新・エリック・サティ作品集ができるまで(6)

服部玲治

どこまでも濃ゆい漆黒のカレーは仙人の胃袋に消え、やがて白くて簡素な音の連なりが奏でられた。「いちばんむずかしい」と悠治さんがいう「ノクチュルヌ」から始まり、「サラバンド」、「3つの歌曲」と続く。譜面をじっとみながら訥々と。テンポは縦横に揺らぎ、まるで、一見するとそこには見えないけもの道のような道なき道を、さぐりさぐり逍遥するような、そんな演奏だった。このプロジェクトを発想するきっかけは、2004年の「ゴールドベルク前奏曲」のアルバムであることは以前にも書いた。レコーディングがスタートして、いまの悠治さんの演奏に接し、今回のサティは、バッハの時以上に、さらに脱水して、さらに「いきつく先が遠くて見えない」ような、そんな印象を受けて心が動いた。

最初は1曲奏するたびにフィードバックを確認していた悠治さん、次第に聴かなくなっていった。しばしば悠治さんの調律を手がけられている水島さんからそっと耳打ちされる。「信頼したからかもしれませんよ」と。

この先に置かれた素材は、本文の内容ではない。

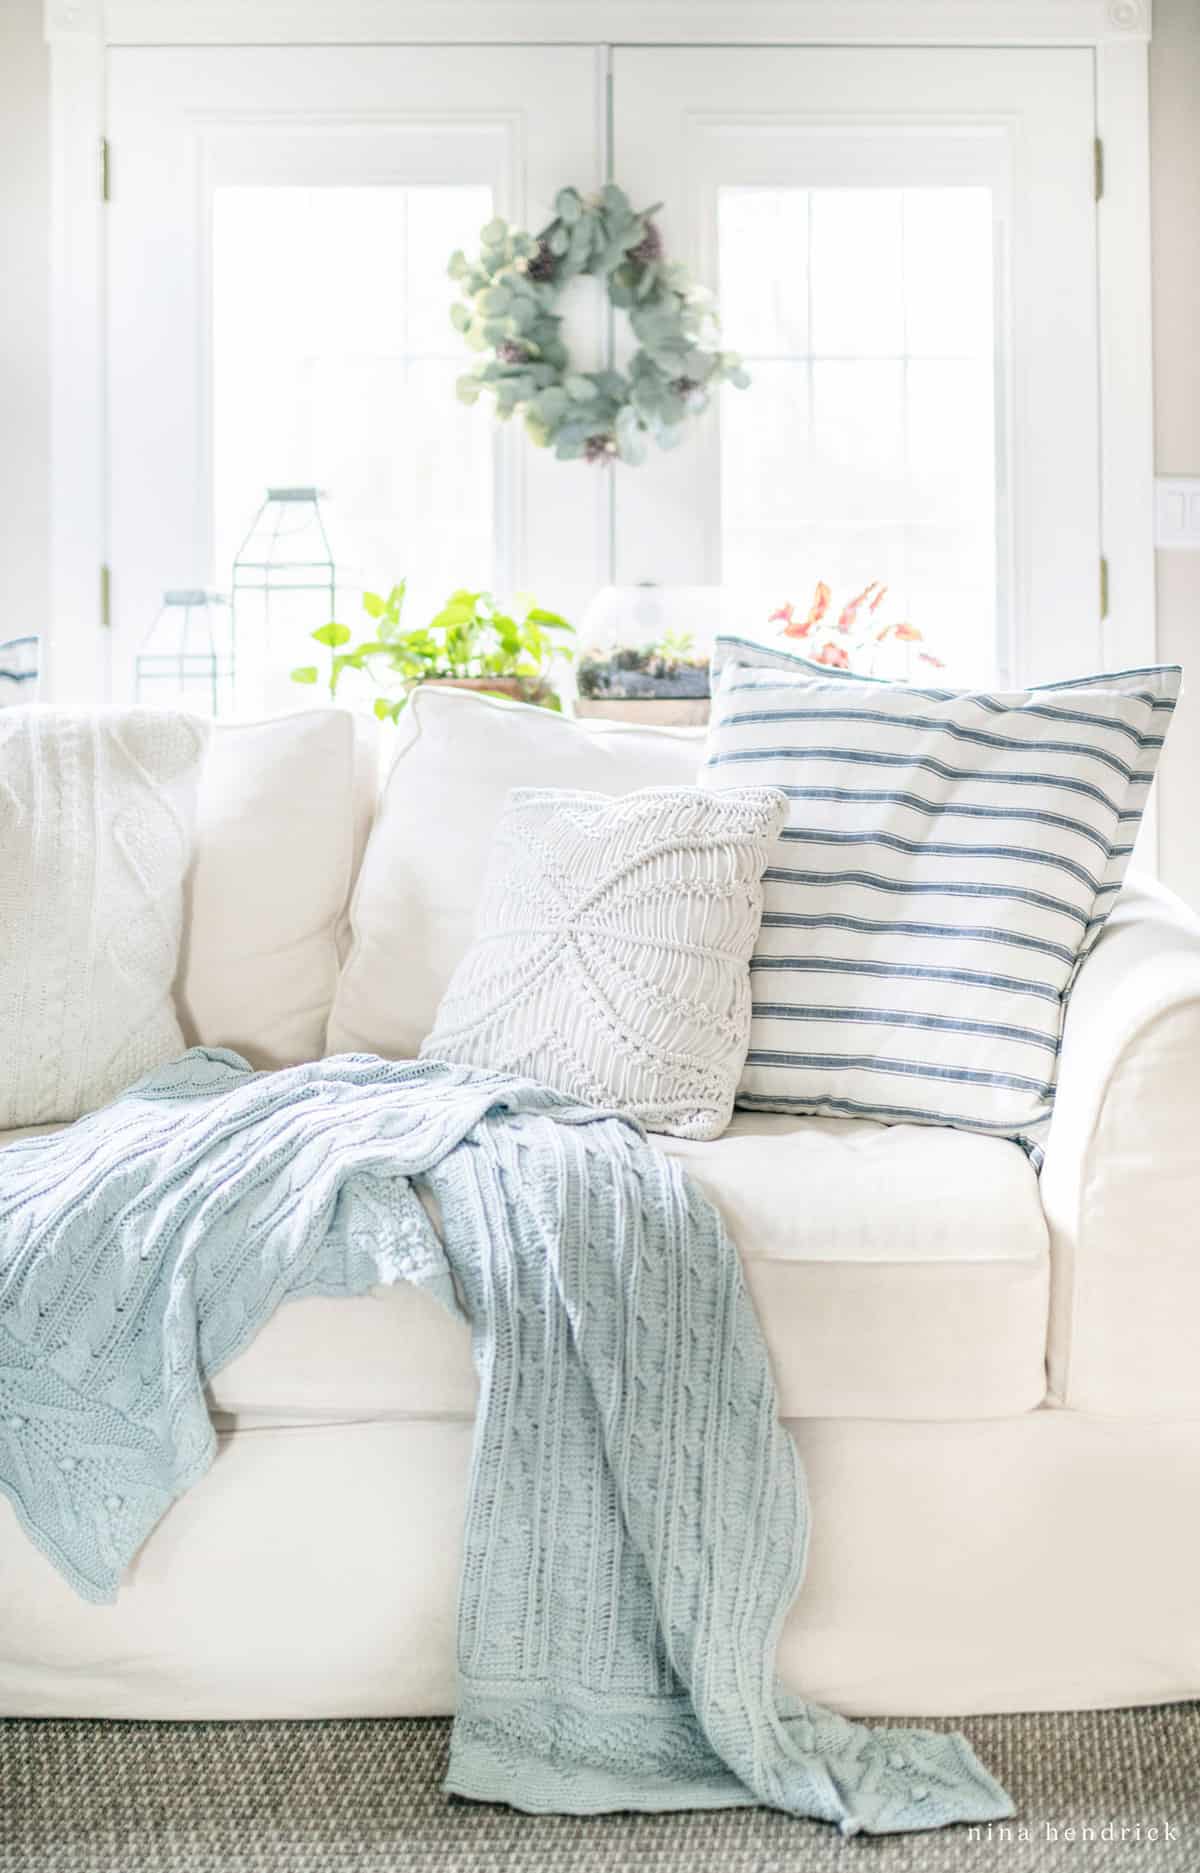 Clean, white slipcovered sofa with white throw pillows and blue accents.

21時まで予定していたレコーディングはするすると終わり、夕方には予定曲数を超えて収録することができ、1日目は終了。初めてのスタッフとのレコーディング、さぞかしお疲れのこと、早々にお別れの雰囲気になるかと思いきや、悠治さんからまたもや意外なひとことが飛び出した。「今日は夕飯食べて帰ると伝えちゃった」。

この日が悠治さんとの初めての酒宴となった。たまたま不動前の大衆酒場が空いていて、スタッフと調律の水島さんふくめ総勢7名。わたしは嬉しさあまって勢いよく杯を重ねていたが、悠治さんも焼酎のボトルをオーダーし、みるみるうちにロックであおっていて、それも無性に嬉しかった。明日のレコーディングのこともしばし忘れて、わたしは悠治さんにここぞとばかりに、以前いったん棚上げになった次回アルバムの構想を、焼酎片手に口角泡を飛ばしてお話ししたのを今もおぼろげに覚えている。新たにジェフスキの「不屈の民変奏曲」やケージの「ソナタとインターリュード」の再録音を持ちかけたかもしれない。悠治さんはいずれも笑いながら、肯定とも否定ともつかぬかわしをされていたように思う。

翌朝、レコーディング2日目。少しお酒が残っていた悠治さんだったが、「グノシェンヌ」「ジムノペディ」「ジュトゥヴ」と実に順調にレコーディングは進行。夕方にはすべての予定楽曲がレコーディングを終えた。

3日間予定していたレコーディングは2日のみで終了。昨日の痛飲を反省し、躊躇していた悠治さんを半ば強引に誘い、この日も五反田の焼き鳥屋へと繰り出したのであった。